BMC Genet. 2009 Sep 4;10:52. doi: 10.1186/1471-2156-10-52.
Cockerham genetic models are commonly used in quantitative trait loci (QTL) analysis with a special feature of partitioning genotypic variances into various genetic variance components, while the F(infinity) genetic models are widely used in genetic association studies. Over years, there have been some confusion about the relationship between these two type of models. A link between the additive, dominance and epistatic effects in an F(infinity) model and the additive, dominance and epistatic variance components in a Cockerham model has not been well established, especially when there are multiple QTL in presence of epistasis and linkage disequilibrium (LD).
In this paper, we further explore the differences and links between the F(infinity) and Cockerham models.
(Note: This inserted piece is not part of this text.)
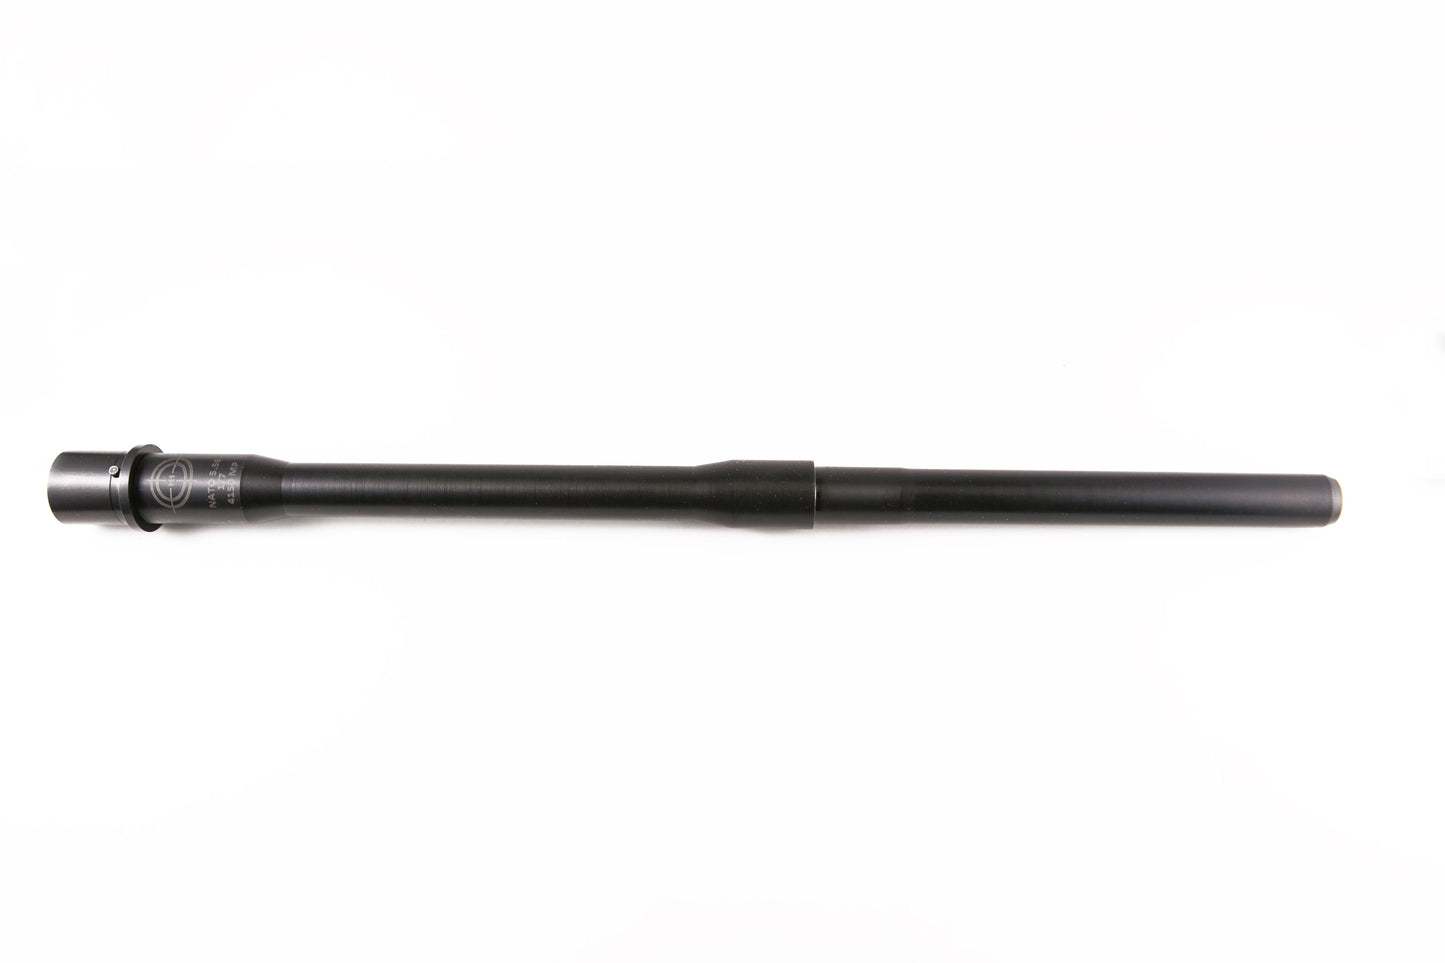 16" 5.56 USGI Profile Mid-length AR 15 Barrel Non Threaded Muzzle

First, we show that the Cockerham type models are allelic based models with a special modification to correct a confounding problem. Several important moment functions, which are useful for partition of variance components in Cockerham models, are also derived. Next, we discuss properties of the Finfinity models in partition of genotypic variances. Its difference from that of the Cockerham models is addressed. Finally, for a two-locus biallelic QTL model with epistasis and LD between the loci, we present detailed formulas for calculation of the genetic variance components in terms of the additive, dominant and epistatic effects in an F(infinity) model. A new way of linking the Cockerham and F(infinity) model parameters through their coding variables of genotypes is also proposed, which is especially useful when reduced F(infinity) models are applied.
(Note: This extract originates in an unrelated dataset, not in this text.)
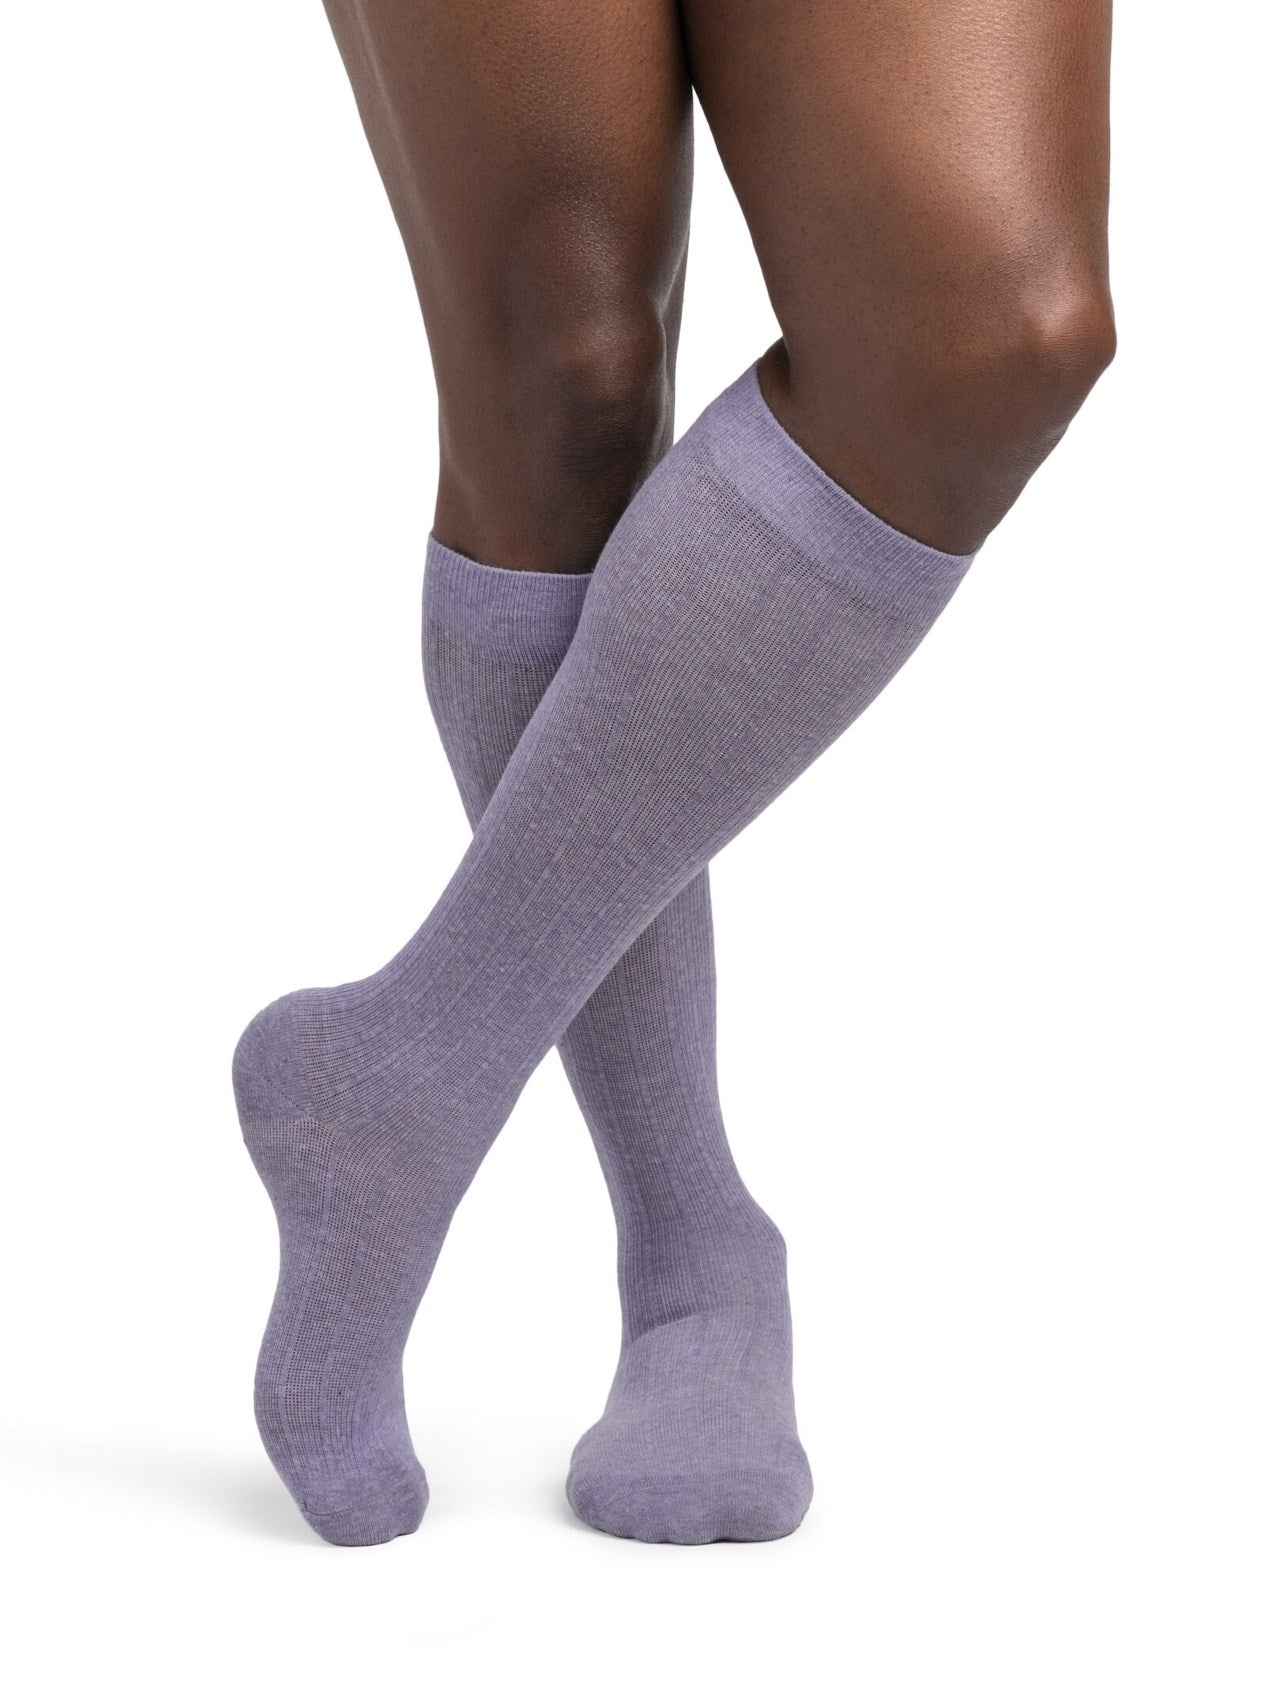 Sigvaris 190 Linen Compression Socks 15-20 mmHg Calf High For Men Closed Toe light gray 3

The Cockerham type models are allele-based models with a focus on partition of genotypic variances into various genetic variance components, which are contributed by allelic effects and their interactions. By contrast, the F(infinity) regression models are genotype-based models focusing on modeling and testing of within-locus genotypic effects and locus-by-locus genotypic interactions. When there is no need to distinguish the paternal and maternal allelic effects, these two types of models are transferable. Transformation between an F(infinity) model's parameters and its corresponding Cockerham model's parameters can be established through a relationship between their coding variables of genotypes. Genetic variance components in terms of the additive, dominance and epistatic genetic effects in an F(infinity) model can then be calculated by translating formulas derived for the Cockerham models.
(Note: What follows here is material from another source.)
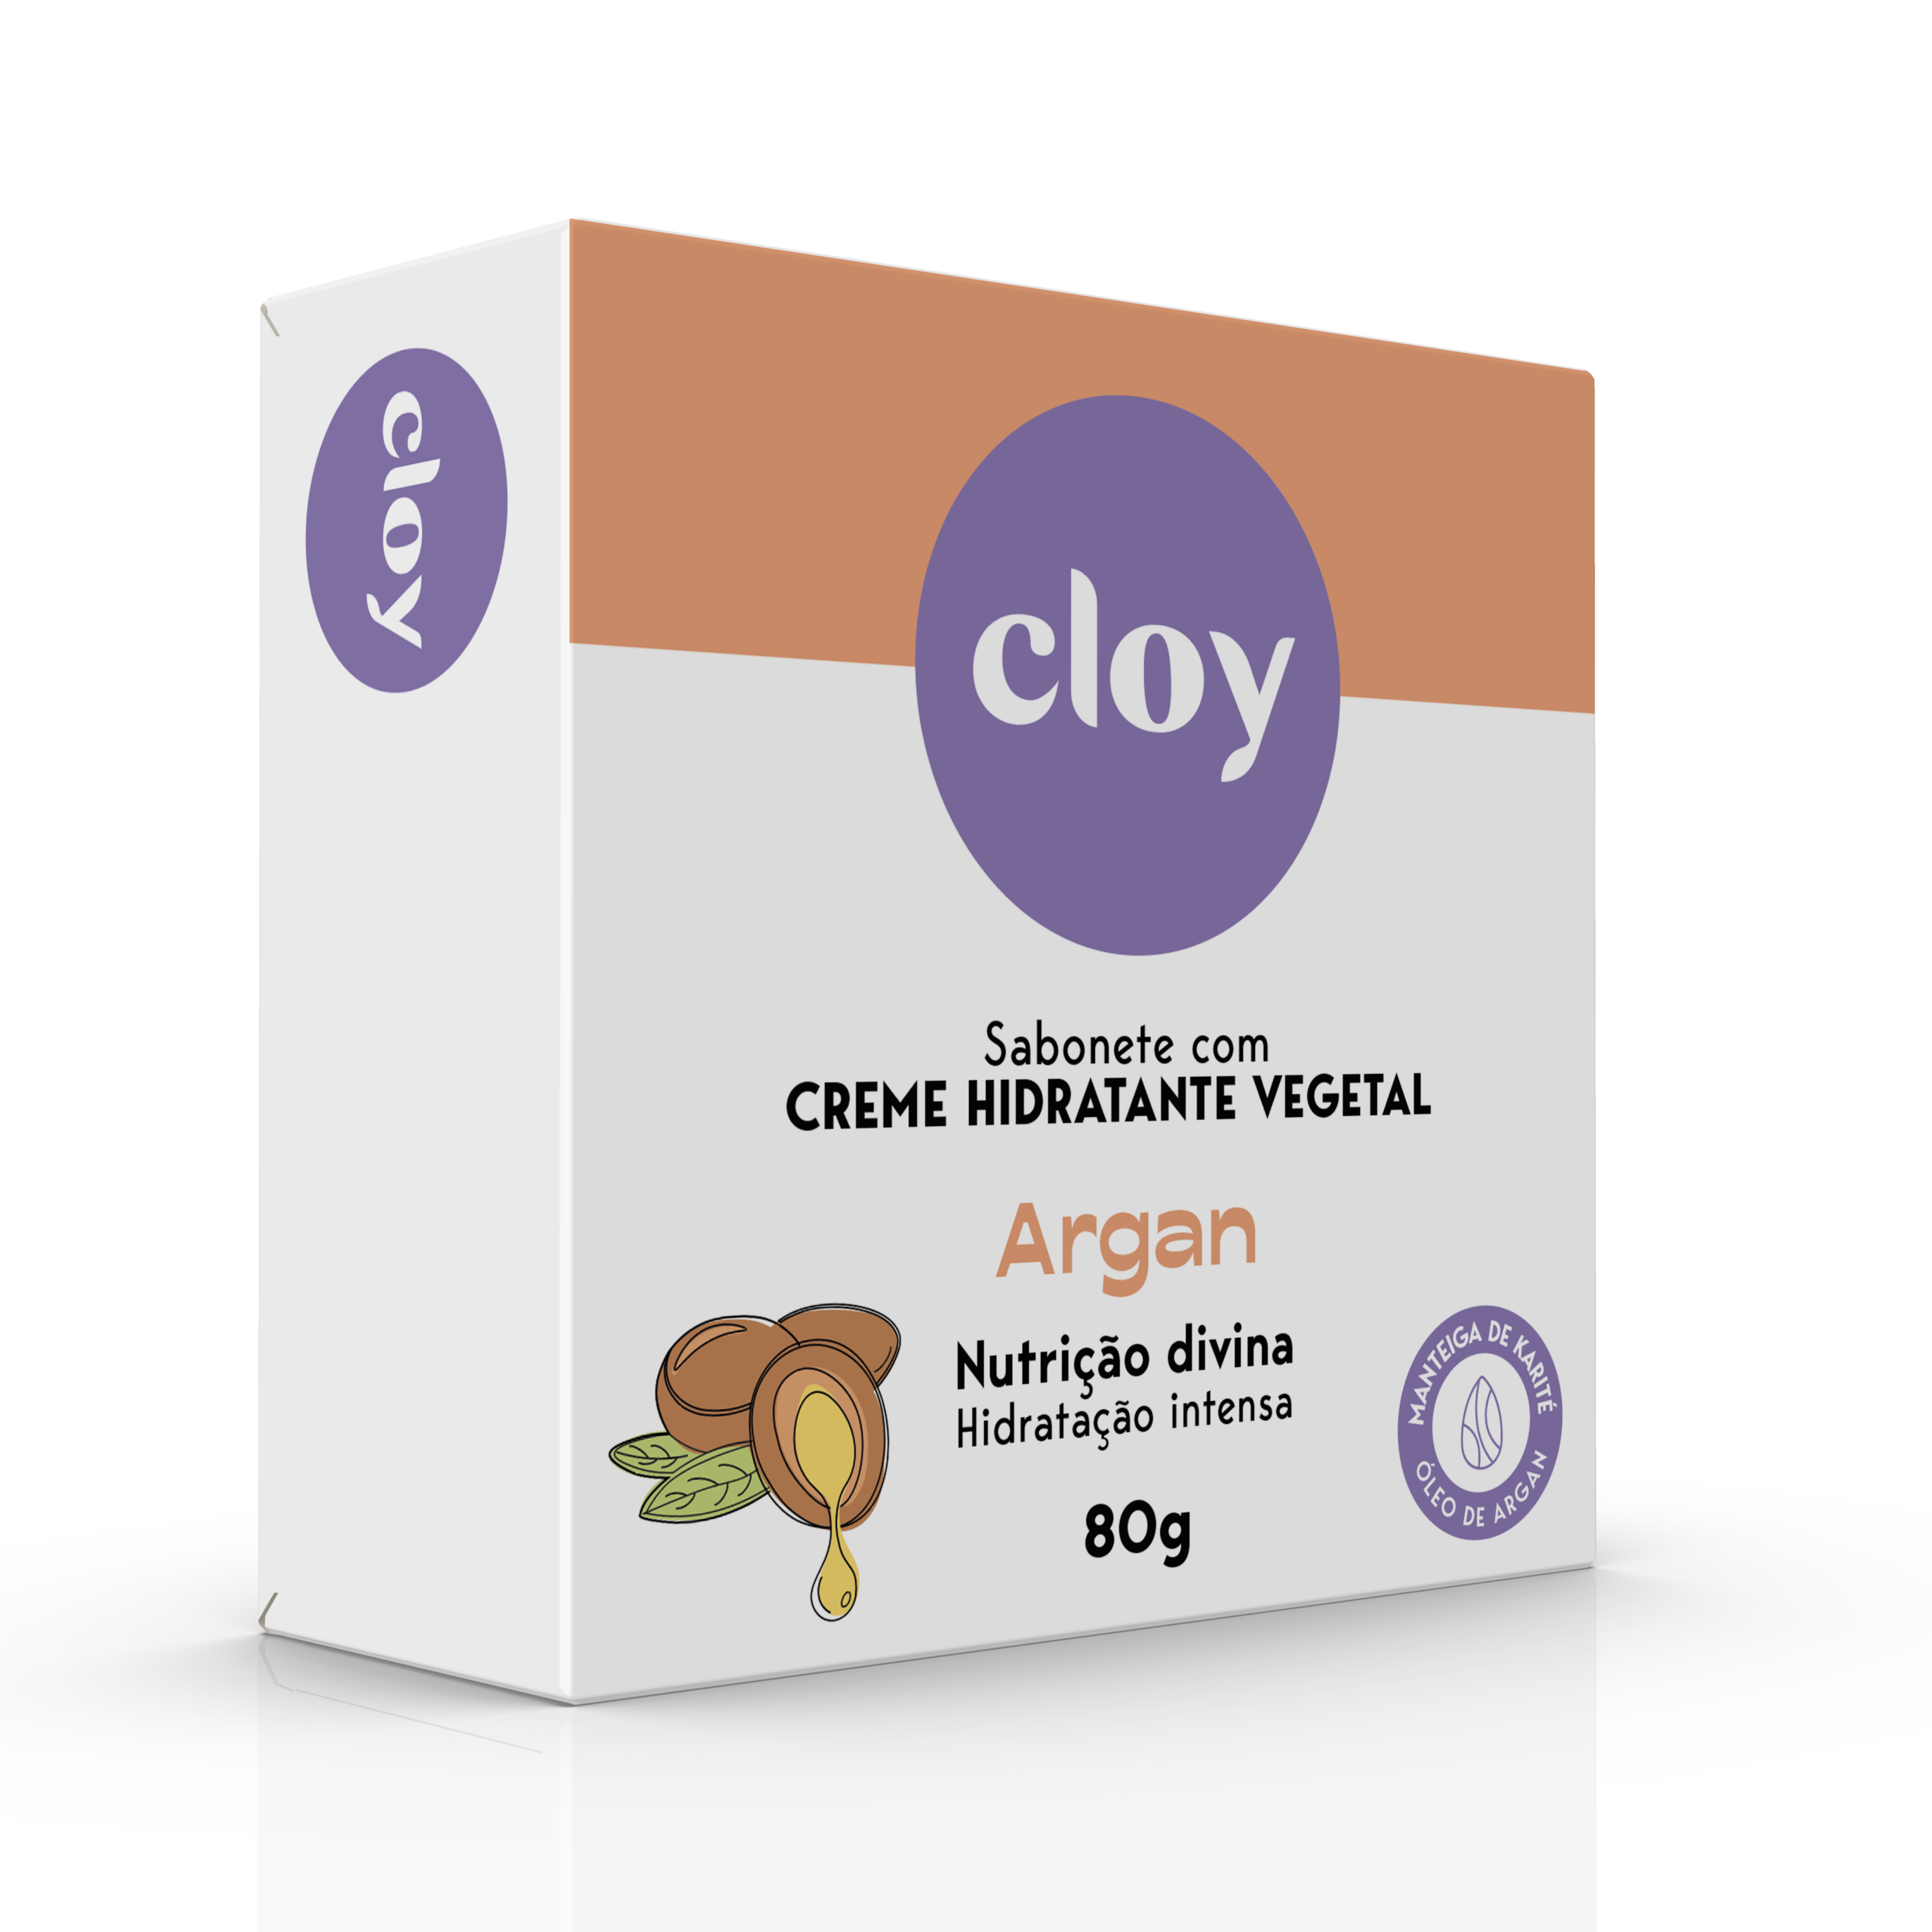 Cloy-Sintonize-o-seu-corpo-sabonete-ARGAN-80G-frente-2

科克伦遗传模型常用于数量性状基因座(QTL)分析,其特点是能将基因型方差分解为各种遗传方差成分,而F(∞)遗传模型广泛应用于遗传关联研究。多年来,人们对这两种模型之间的关系存在一些困惑。F(∞)模型中的加性、显性和上位性效应与科克伦模型中的加性、显性和上位性方差成分之间的联系尚未完全确立,尤其是在存在上位性和连锁不平衡(LD)的多个QTL情况下。
在本文中,我们进一步探讨了F(∞)模型与科克伦模型之间的差异和联系。首先,我们表明科克伦类型的模型是以等位基因为基础的模型,并经过特殊修正以纠正一个混杂问题。还推导了几个重要的矩函数,这些函数对科克伦模型中方差成分的分解很有用。接下来,我们讨论了F(∞)模型在基因型方差分解方面的性质。阐述了它与科克伦模型的差异。最后,对于一个存在上位性且位点间有LD的两位点双等位基因QTL模型,我们给出了根据F(∞)模型中的加性、显性和上位性效应计算遗传方差成分的详细公式。还提出了一种通过基因型编码变量将科克伦模型和F(∞)模型参数联系起来的新方法,当应用简化的F(∞)模型时,该方法特别有用。
科克伦类型的模型是以等位基因为基础的模型,侧重于将基因型方差分解为各种遗传方差成分,这些成分由等位基因效应及其相互作用产生。相比之下,F(∞)回归模型是以基因型为基础的模型,侧重于位点内基因型效应和位点间基因型相互作用的建模与检验。当无需区分父本和母本等位基因效应时,这两种模型是可转换的。通过F(∞)模型参数与其相应科克伦模型参数的编码变量之间的关系,可以建立两者之间的转换。然后,通过翻译为科克伦模型推导的公式,可以计算F(∞)模型中基于加性、显性和上位性遗传效应的遗传方差成分。